I'm fairly certain that RefStack can't be implemented in safe Rust without copying out the str into owned Strings, so my question is how this can be done in unsafe Rust. It feels like I might be able to get a solution such that:

  • The unsafeness is confined to the implementation of RefStack
  • The reference returned by st.get() should live at least as long as the current instance of the do_recursion function (in particular, it should be able to live past the call to st.with_element(), and this is logically safe since the &T that is returned by st.get() isn't referring to any memory owned by the RefStack anyway)

How can such a struct be implemented in (unsafe) Rust?

It feels that I could just cast the element references to pointers and store them as pointers, but I will still face difficulties expressing the requirement in the second bullet point above when casting them back to references.
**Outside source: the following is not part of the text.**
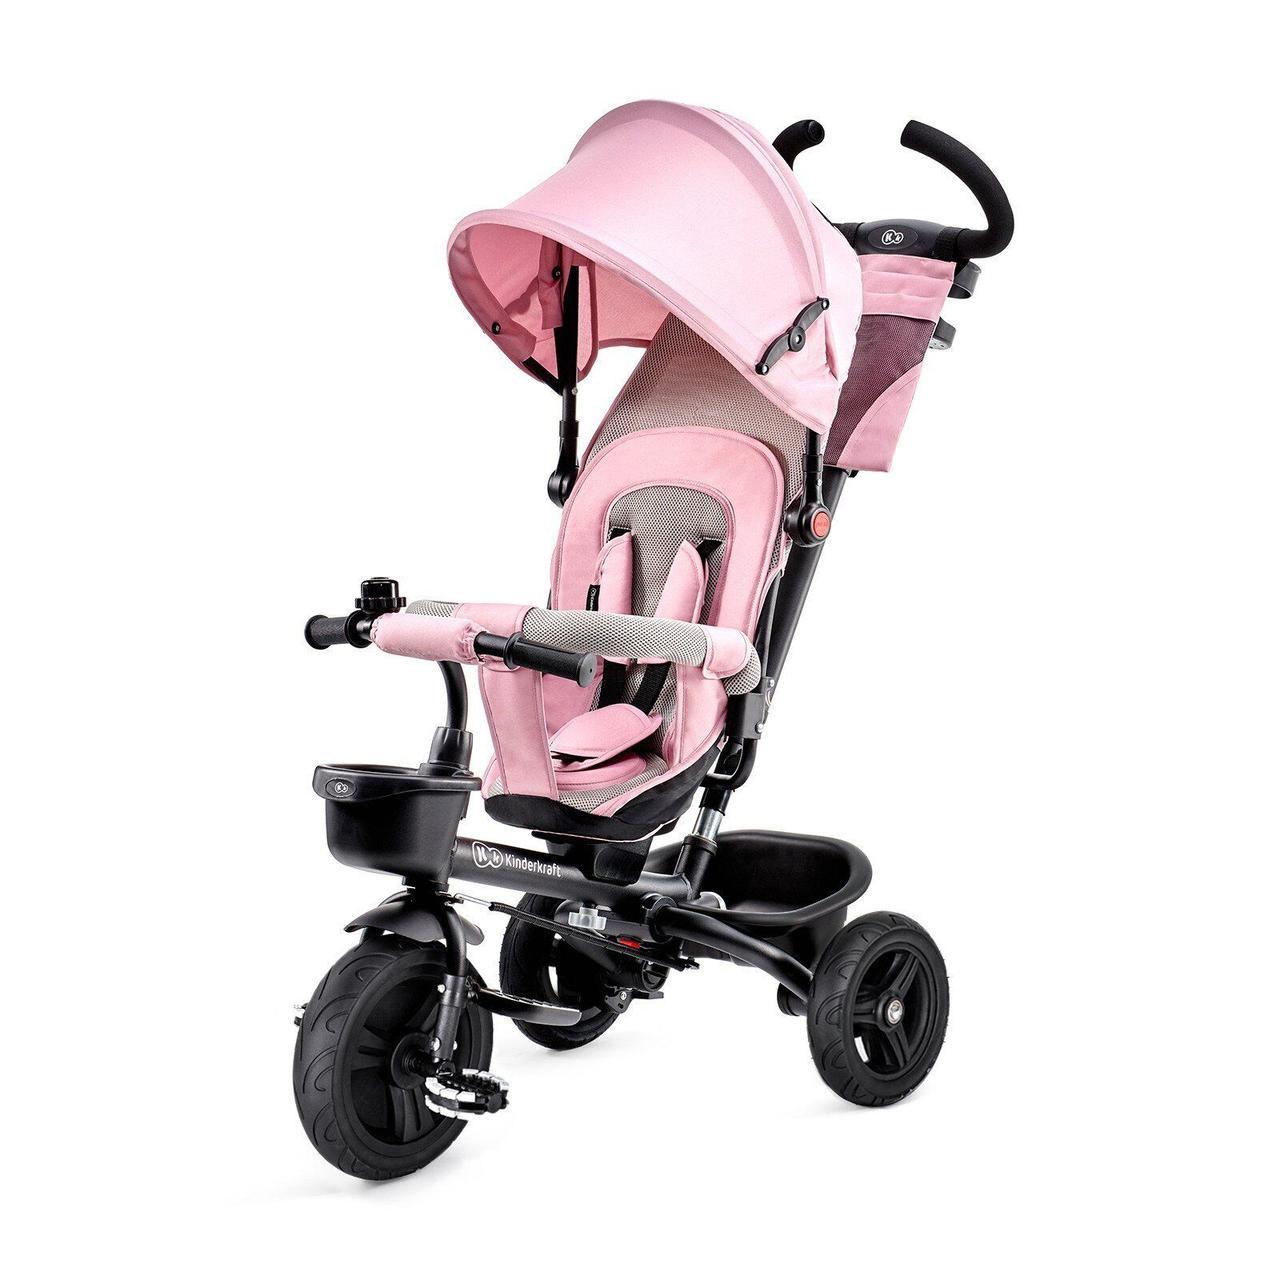 Трехколесный велосипед Aveo Pink Kinderkraft 5902533908899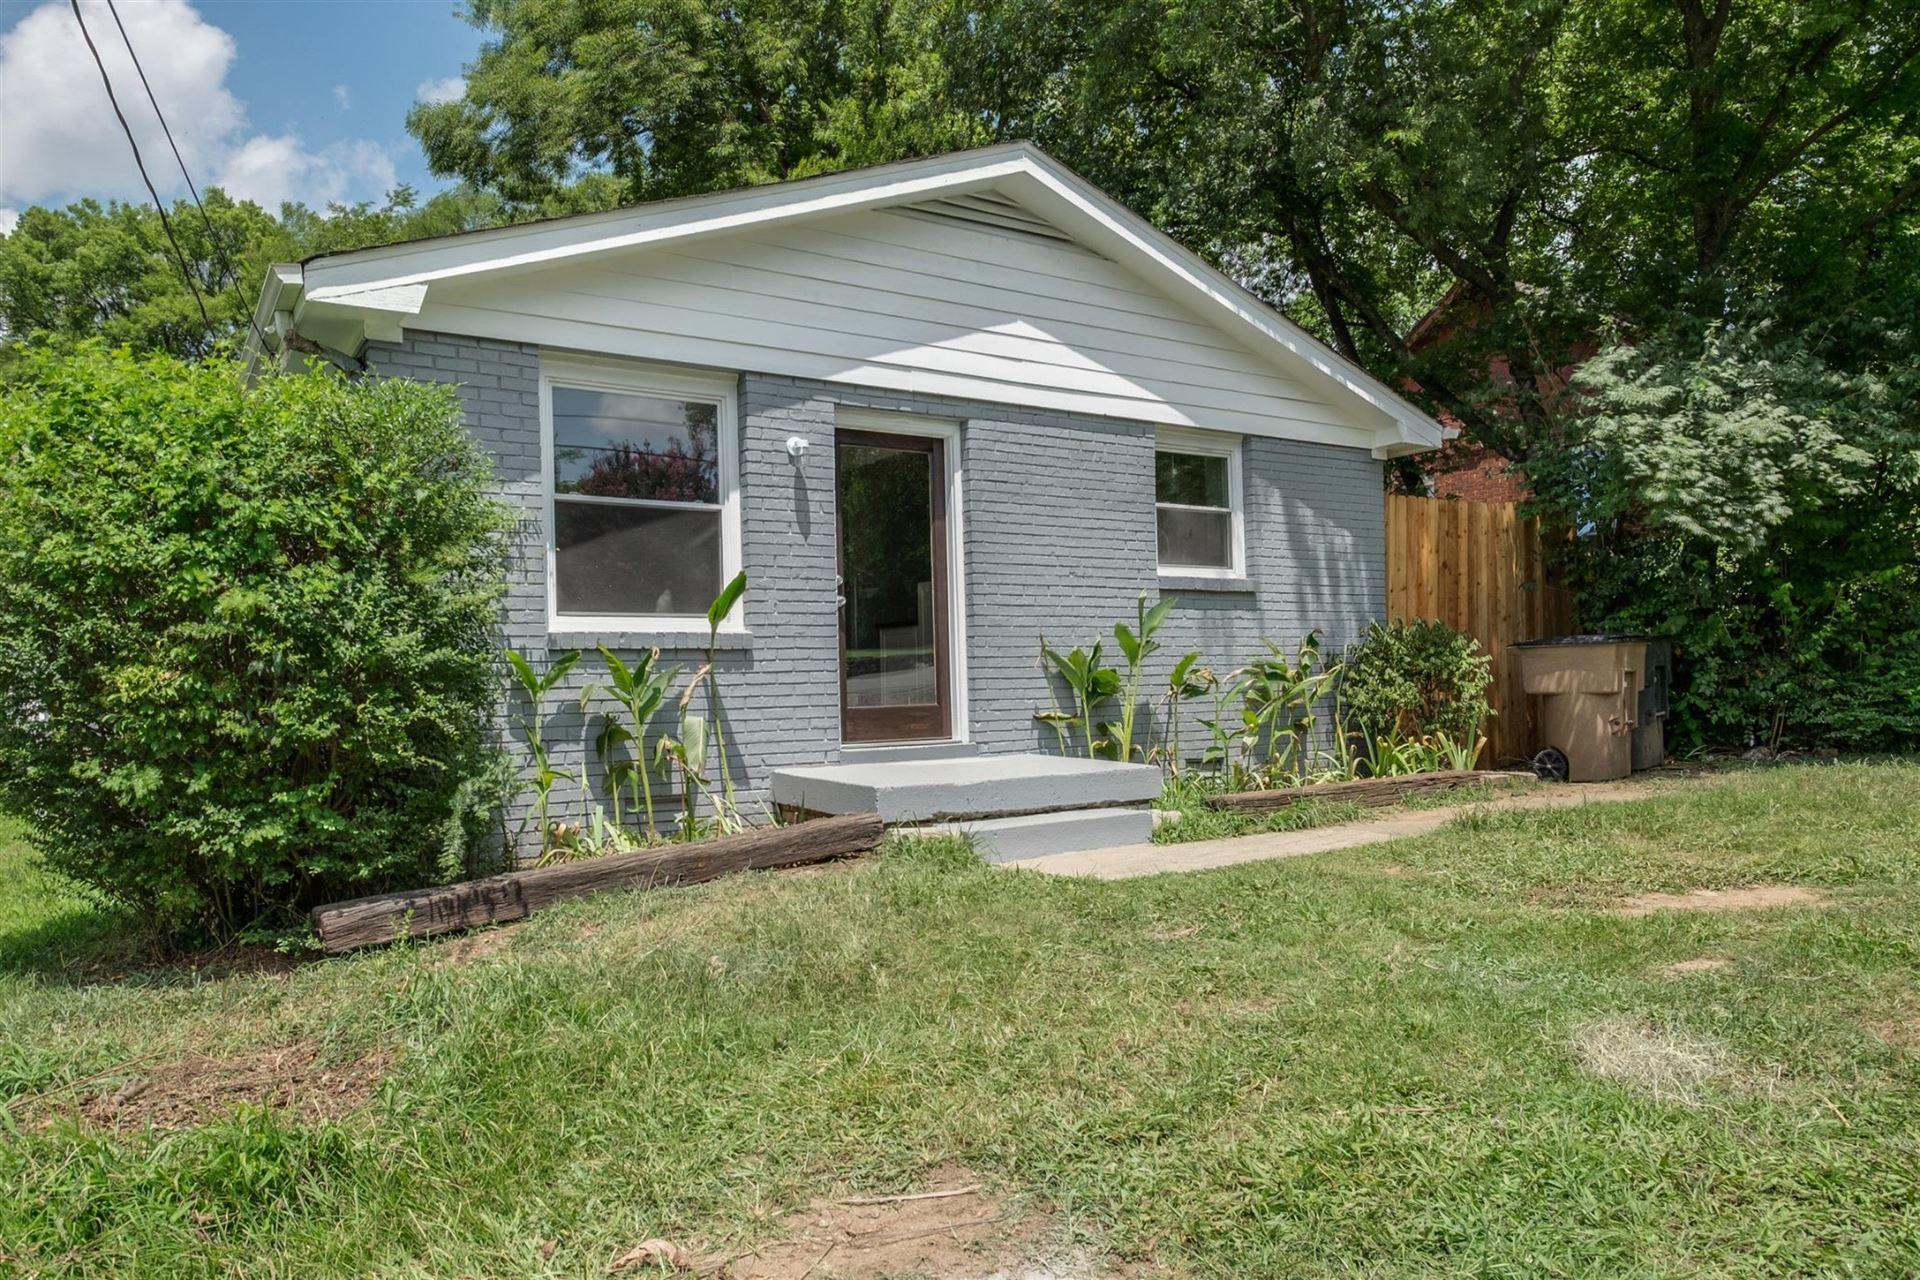 903B Maynor Ave, Nashville, TN 37216 - MLS#: 2220355

Or is there a better way (or by any chance is such a struct implementable in safe Rust, or already in some library somewhere)?


Solution

  • Based on rodrigo's answer, I implemented this slightly simpler version:

    struct RefStack<'a, T: ?Sized + 'static> {
        content: Vec<&'a T>,
    }
    
    impl<'a, T: ?Sized + 'static> RefStack<'a, T> {
        fn new() -> Self {
            RefStack {
                content: Vec::new(),
            }
        }
    
        fn get(&self, index: usize) -> &'a T {
            self.content[index]
        }
    
        fn len(&self) -> usize {
            self.content.len()
        }
    
        fn with_element<'t, F: >(&mut self, el: &'t T, f: F)
        where
            F: FnOnce(&mut RefStack<'t, T>),
            'a: 't,
        {
            let mut st = RefStack {
                content: std::mem::take(&mut self.content),
            };
            st.content.push(el);
            f(&mut st);
            st.content.pop();
            self.content = unsafe { std::mem::transmute(st.content) };
        }
    }
    

    The only difference to rodrigo's solution is that the vector is represented as vector of references instead of pointers, so we don't need the PhantomData and the unsafe code to access an element.

    When a new element is pushed to the stack in with_element(), we require that it has a shorter lifetime than the existing elements with the a': t' bound. We then create a new stack with the shorter lifetime, which is possible in safe code since we know the data the references in the vector are pointing to even lives for the longer lifetime 'a. We then push the new element with lifetime 't to the new vector, again in safe code, and only after we removed that element again we move the vector back in it's original place. This requires unsafe code since we are extending the lifetime of the references in the vector from 't to 'a this time. We know this is safe, since the vector is back to its original state, but the compiler doesn't know this.

    I feel this version represents the intent better than rodrigo's almost identical version. The type of the vector always is "correct", in that it desribes that the elements are actually references, not raw pointers, and it always assigns the correct lifetime to the vector. And we use unsafe code exactly in the place where something potentially unsafe happens – when extending the lifetime of the references in the vector.